Just checking out a lot of what these companies do that sell full digital curriculum is like one’s first trip to a giant manufacturing plant with gleaming, shiny automation when you’re just-off-the-farm in Iowa. (Or Bemidji, Minnesota, where I actually didgrow up on a farm.) You walk away from a demo thinking, “what is everyone doing messing around with random learning objects when they could just do this?” Of course, you might say, what about the classroom management of the younger students, where lesson planning includes exciting art projects and more and an ever-changing daily dose of teacher planning? Ah, but, but there is still full digital curriculum for the younger set already built as well, making a large portion of lesson planning go away and more time for planning the fun stuff.

Mostly you could just buy Digital Curriculum outright, from dozens of vendors, but some States, Districts and Schools are busy trying to make some of their own. To be perfectly honest, I am unclear why they would do this when they weren’t making their own textbooks before they started getting rid of those, or what it will mean for government to step in and take over the space of free enterprise curriculum and the private sector industry.

4) Career & Technical Applications are things like Adobe Photoshop, Autodesk’s 3D Design & Engineering Software, as well as a myriad of other robotics, science, and animation type programs. These things allow students to do things that make them employable immediately upon graduation. Colleges and Universities are on to this big-time, and K12 is starting to catch on that it’s not so bad an idea.

You buy these. You also make sure you have the high-value computing devices that will actually run this stuff. If you’re smart you also survey local business and find out what they need for skills from graduates and put those special classes into the curriculum.

5) Learning Management Systems, Student Information Systems, and other administrative school systems. These are the software things that hold things and keep track of things and make sense of what’s happening student-by-student by running graphs of statistics on testing, and other measurements.
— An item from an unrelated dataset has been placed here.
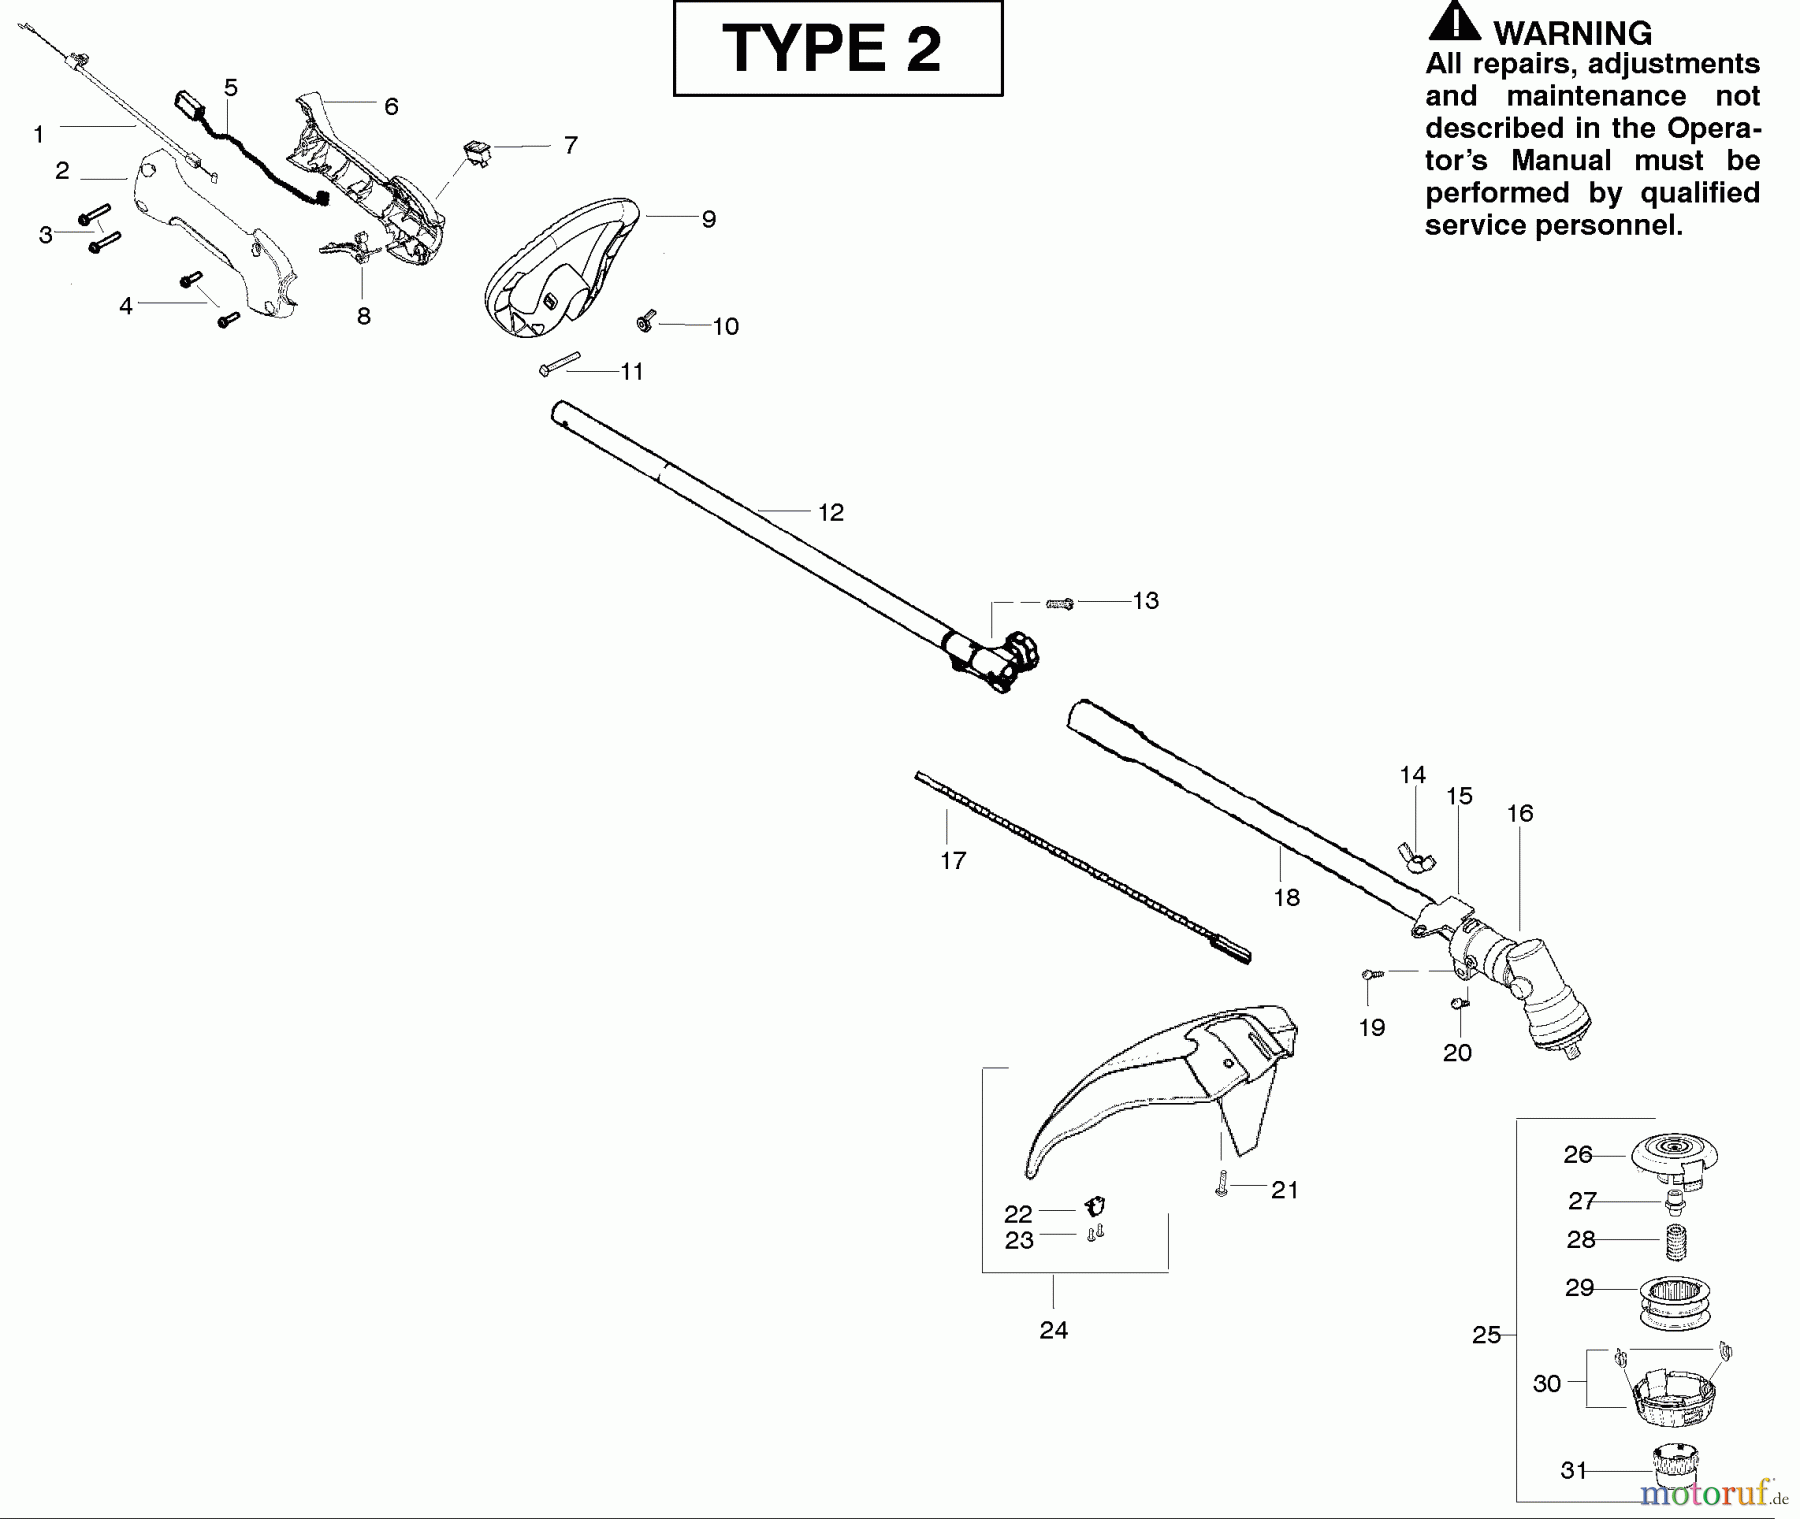  Poulan / Weed Eater Motorsensen, Trimmer PP125 (Type 2) - Poulan Pro String Trimmer Cutting Equipment Type 2

There’s a lot of input needed from staff for these systems and a promise of helpful hints for student learning modifications from interpretation of the meaning of inputs. There is a wide array of these and the elements of one may not be the same elements of another.

Schools buy these, but sometimes they build them. While I know that public education is somewhat enamored of “free” and open-source things, it is clear that “free” when it comes to technology has never been actually free. It’s just costs more to customize, build, maintain, and staff. Smart people go out and make whole companies with the value proposition that the software they built can be sold to many for less than each one could build themselves, and the cost can be lower for all, but the company will charge enough to make a profit and continue to be there when help is needed. It’s important to note that as the complexity of content increases with all the above types, the need for more and more APIs (application interfaces) into the big repositories, identity management, security, and more is going to become well more than the average district can maintain with a lot of the home-built systems.